Health and Fitness Health and Fitness
Thu, December 18, 2008
Wed, December 17, 2008

Cell Genesys Announces Results of its Modified Dutch Auction Tender Offer


Published on 2008-12-17 07:51:01 - Market Wire
  Print publication without navigation


SOUTH SAN FRANCISCO, Calif.--([ BUSINESS WIRE ])--Cell Genesys, Inc. (NASDAQ:CEGE) today announced the results of its "Modified Dutch Auction" tender offer for a portion of its outstanding 3.125% Convertible Senior Notes due 2011. The offer expired at 5:00 p.m., ET, on Tuesday, December 16, 2008.

In accordance with the terms and conditions of the tender offer, and based on the count by U.S. Bank National Association, the depositary for the tender offer, Cell Genesys expects to accept for payment approximately $47.8 million aggregate principal amount of convertible notes at a purchase price of $400 per $1,000 principal amount, for a total cost of approximately $19.1 million (excluding accrued interest and fees and other expenses in connection with the tender offer).

Based on the count by the depositary, approximately $47.8 million aggregate principal amount of convertible notes were properly tendered and not withdrawn in the tender offer. Holders of convertible notes who properly tendered their convertible notes in the tender offer at or below the purchase price will have all of their tendered convertible notes accepted for payment.

The aggregate principal amount of convertible notes that Cell Genesys will purchase represents approximately 40% of its currently outstanding principal amount of convertible notes.

In the tender offer, Cell Genesys offered to purchase, for cash, up to $80 million aggregate principal amount, or up to approximately 67%, of its outstanding convertible notes at a price not greater than $400 nor less than $340, per $1,000 principal amount, plus accrued and unpaid interest thereon up to, but not including, the date of purchase of the convertible notes. The maximum aggregate purchase price for the convertible notes that Cell Genesys sought to purchase in the tender offer was $32 million, plus accrued and unpaid interest.

The dealer manager for the tender offer is Lazard Capital Markets LLC. The depositary for the tender offer is U.S. Bank National Association and the information agent for the tender offer is Georgeson Inc. Holders of convertible notes who have questions about the tender offer may call the information agent at (866) 206-4938. Banks and brokerage firms may call (212) 440-9800.

About Cell Genesys, Inc.

Cell Genesys is a biotechnology company that was focused on the development and commercialization of novel biological therapies for patients with cancer.
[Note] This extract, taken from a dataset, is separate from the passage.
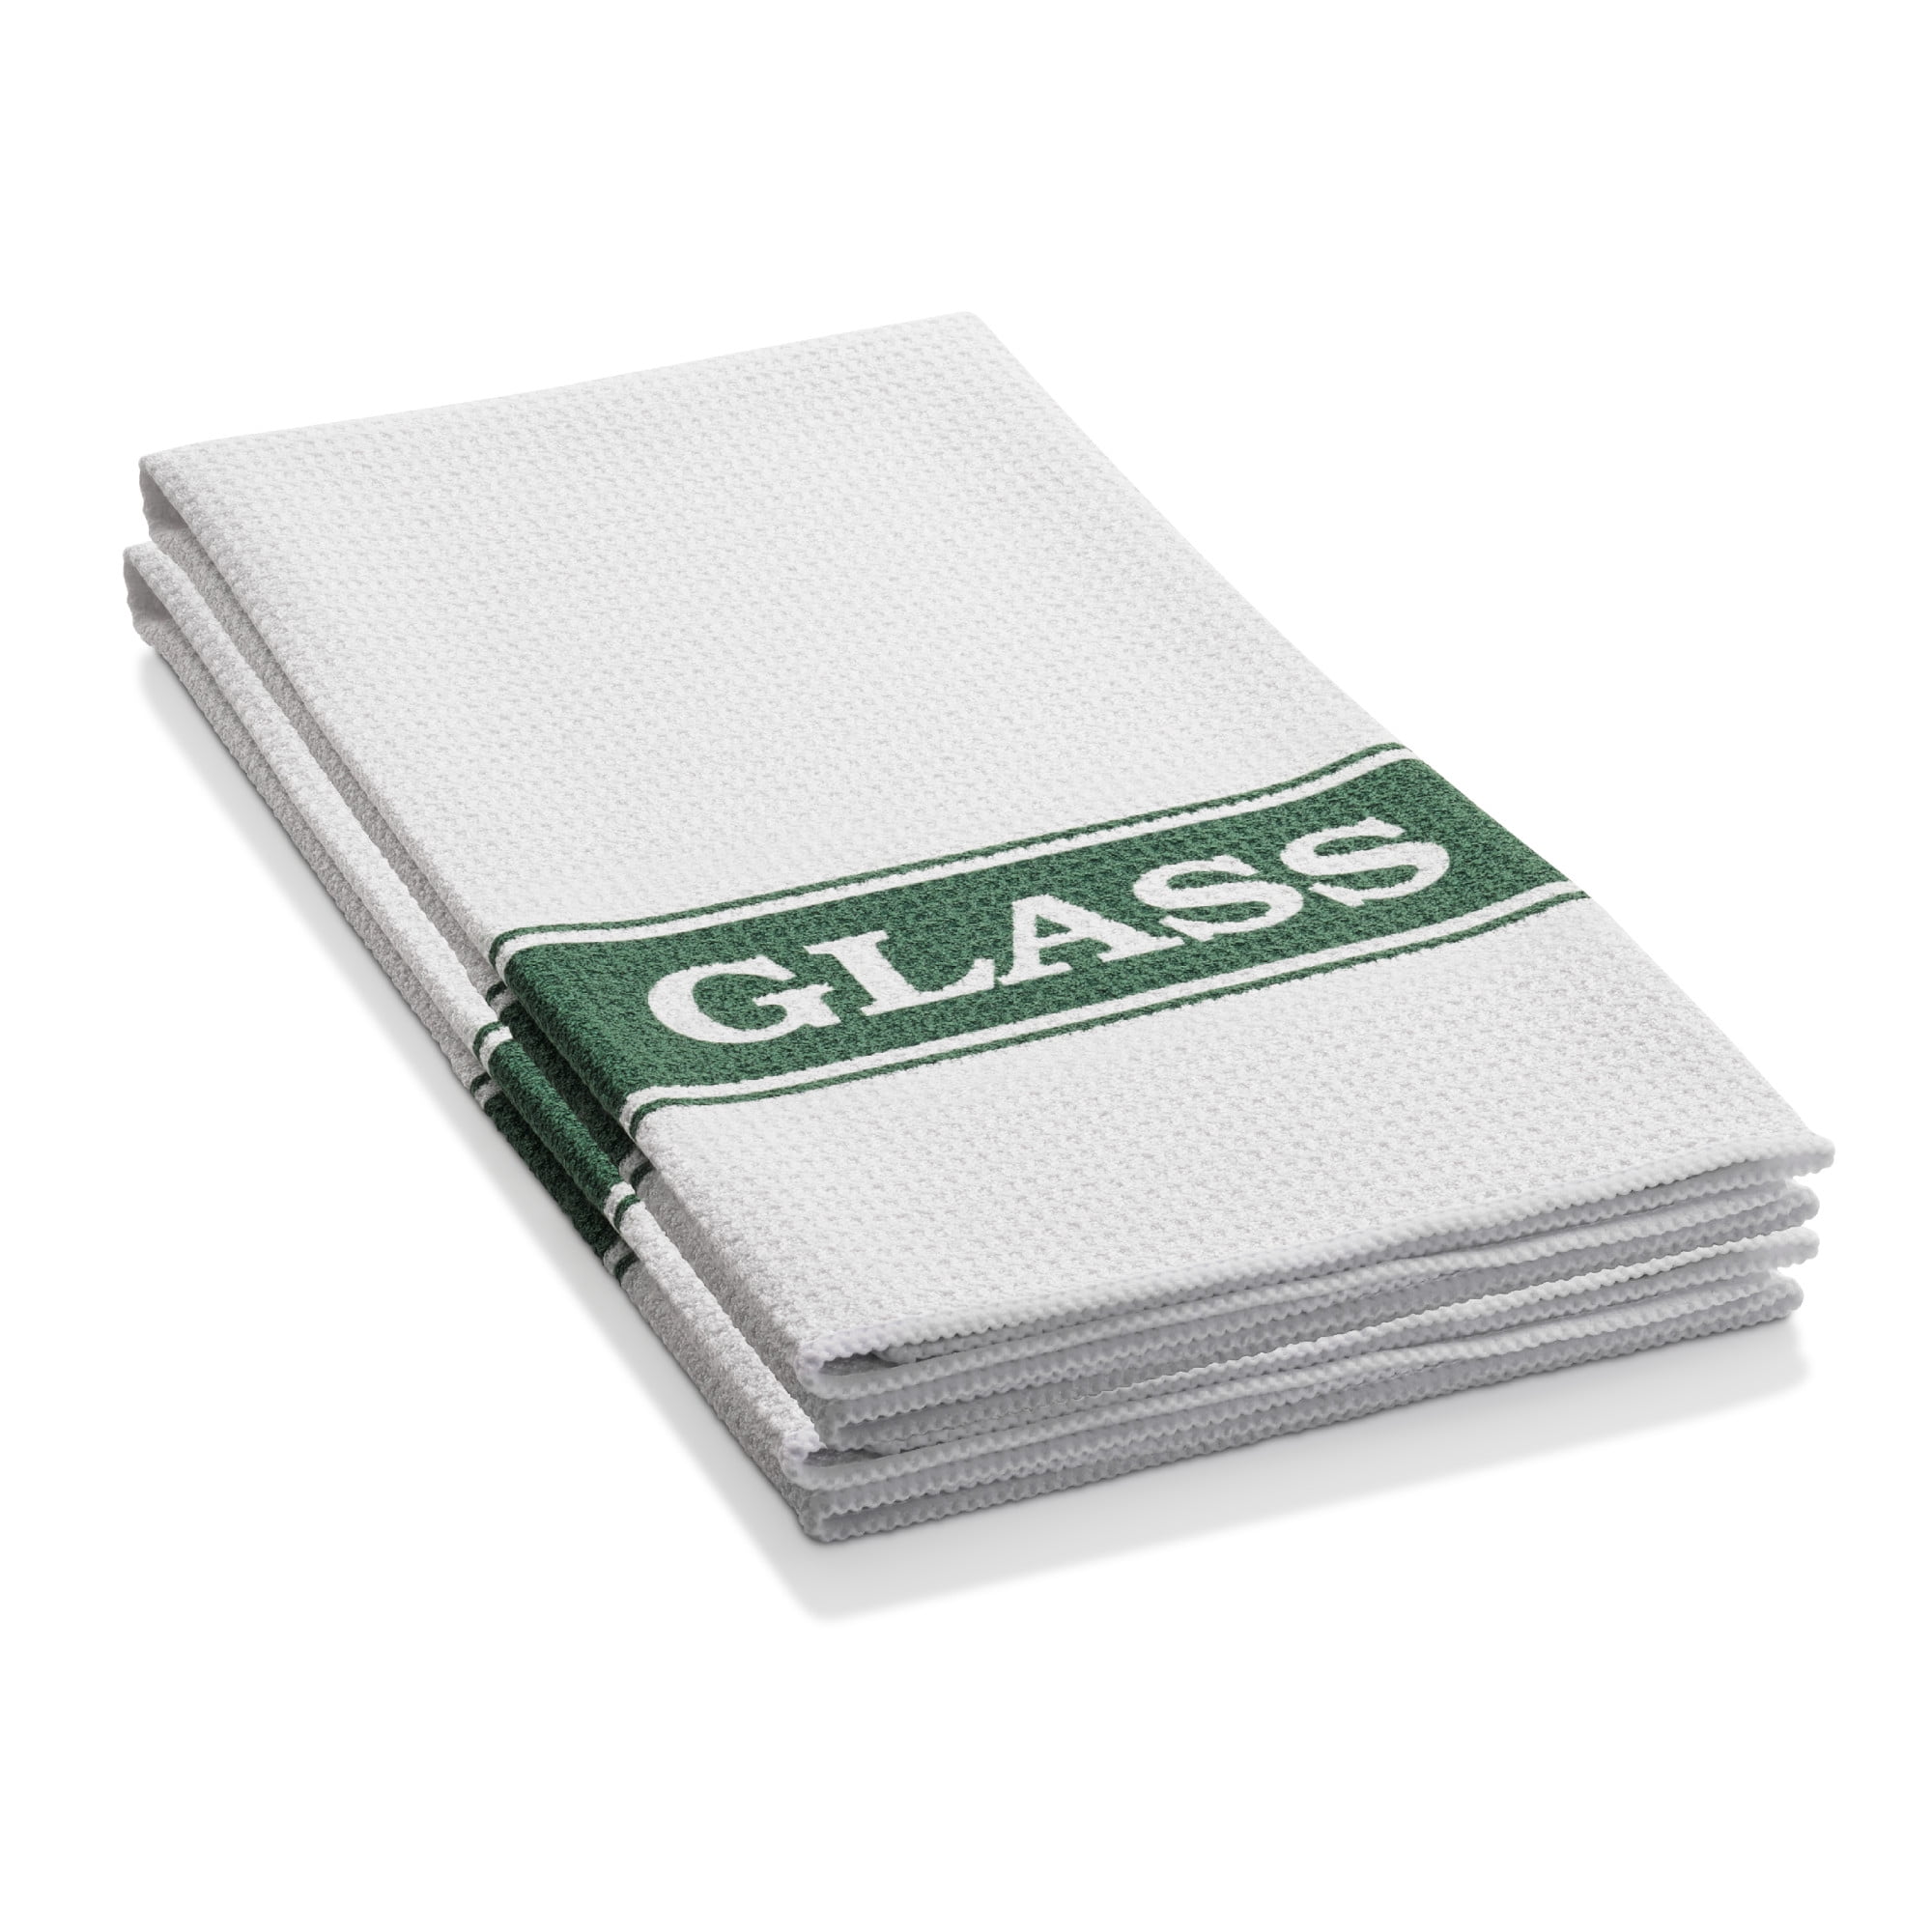 NEW Polyamide Cleaning Cloth 2-Pack 10644 E-CLOTH Wash And Wipe Polyester

Cell Genesys is headquartered in South San Francisco, California, and has manufacturing operations in Hayward, California. For additional information, please visit the company's website at [ www.cellgenesys.com ].

Tender Offer Statement

This press release is for informational purposes only and is neither an offer to buy nor the solicitation of an offer to sell, any securities.

This press release contains "forward-looking statements" that are based on current expectations, estimates, beliefs, assumptions and projections about our business and the tender offer.Words such as "expects," "anticipates," "intends," "targets," "plans," "believes," "seeks," "estimates," "may," "will," "should" and variations of such words, and similar expressions, are intended to identify such forward-looking statements.These statements are not guarantees of future performance and involve certain risks, uncertainties and assumptions that are difficult to predict.Actual outcomes and results may differ materially from what is expressed or forecasted in such forward-looking statements due to numerous factors.Statements made herein other than statements of historical fact, including those statements relating to the tender offer, such as the amount of convertible notes tendered in the tender offer, are forward-looking statements.As forward-looking statements, they are subject to a number of uncertainties that could cause actual results to differ materially from the statements made.Reference is made to discussions about risks that may affect us in our Schedule TO filed with the SEC on November 7, 2008, the section entitled "Risk Factors" under Item 1A of Part II of our Quarterly Report on Form 10-Q for the fiscal quarter ended September 30, 2008, and our current reports on Form 8-K filed on December 3, 2008 and December 9, 2008, respectively.We do not undertake any obligation to update forward-looking statements.